Westminster spent the week watching Nigel Farage try to have it both ways. The Reform leader reversed his own MPs on Iran, flip-flopped on council tax pledges, and claimed he'd dine with Trump at Mar-a-Lago only for the FT to report the President changed his travel plans. His Β£215,000 bitcoin punt with Kwasi Kwarteng raised eyebrows, but the real story was tactical voting. Lord Hayward's canvassing data shows middle-class voters in Dulwich and Hampstead now volunteering to back "anyone but Reform". That's not protest voting. That's organised rejection. Meanwhile, Labour limps on at 23%, still reeling from the Greens overtaking them in the polls. Starmer's refusal to seize Khamenei's Β£200 million London property empire while lecturing about Iranian sanctions looks like rank hypocrisy. The Tories are stuck at 20.6%, with Badenoch refusing to apologise for saying the RAF is "just hanging around" in the Middle East. The cracks in Reform's operation create space, but only if someone can occupy it without looking like a spoiler. Farage's inconsistency on Iran and council tax suggests he's triangulating for a general election rather than building a coherent platform.

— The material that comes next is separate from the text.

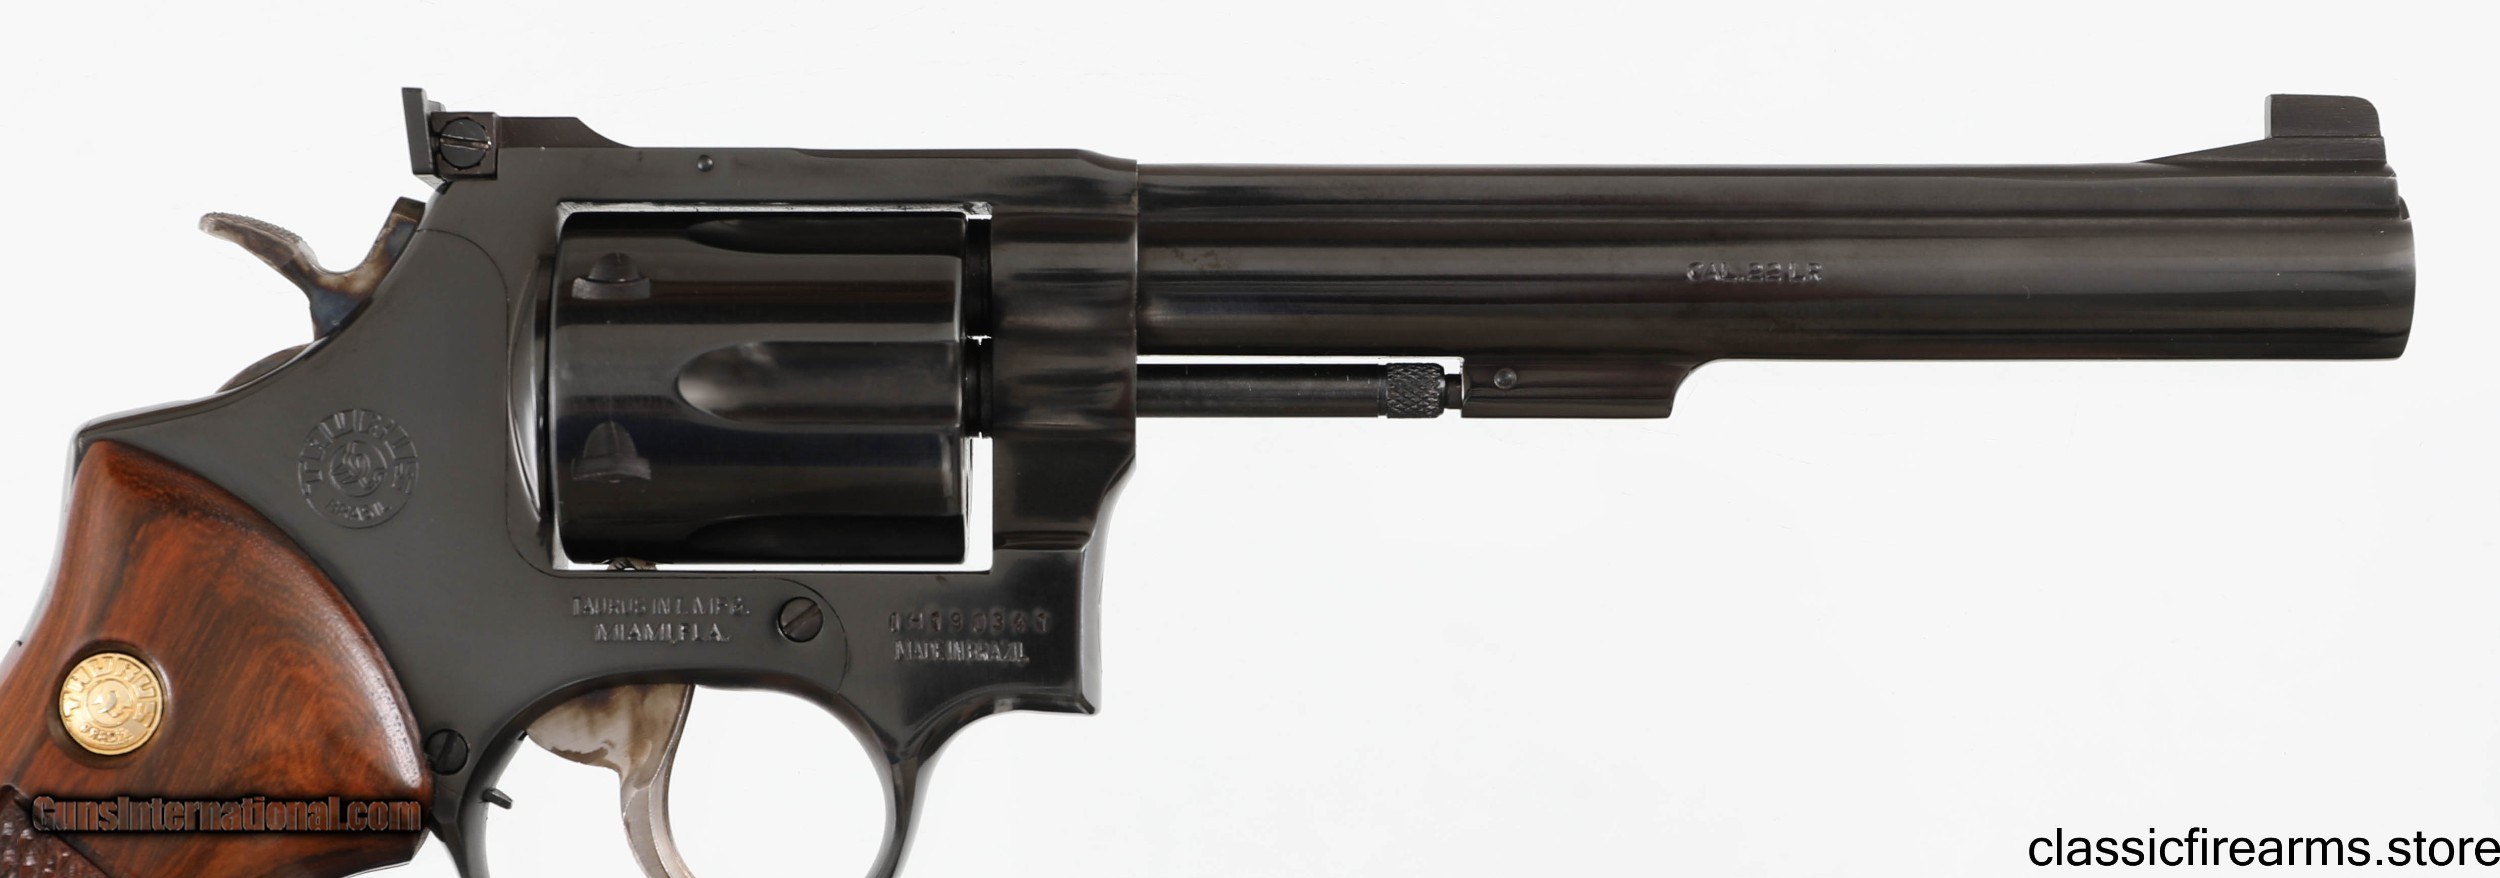 Taurus Model 96 22lr Revolver Lnib
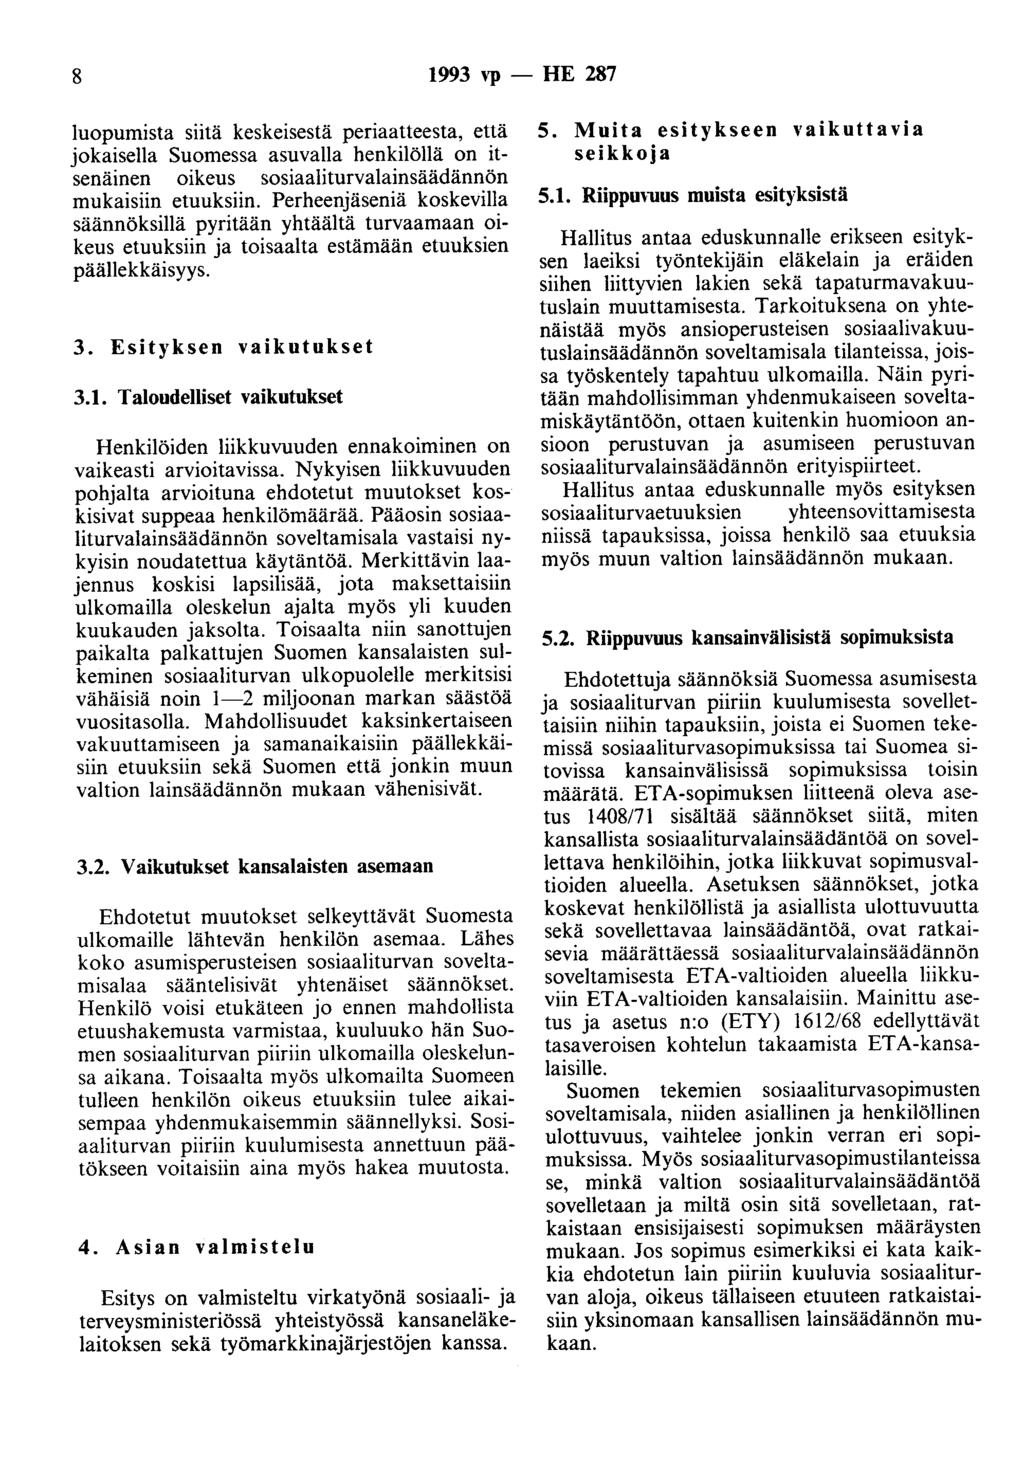 8 1993 vp - HE 287 luopumista siitä keskeisestä periaatteesta, että jokaisella Suomessa asuvalla henkilöllä on itsenäinen oikeus sosiaaliturvalainsäädännön mukaisiin etuuksiin.

That leaves voters who want immigration control without the culture war theatrics, or fiscal conservatism without the crypto punts. Labour's collapse benefits the Greens on the left, but the centre-right remains fragmented. The May locals will test whether anti-Reform tactical voting is real or just chatter from Tory analysts. If it holds, the question isn't whether the right can win, but which version of the right can convince floating voters it won't embarrass them at dinner parties.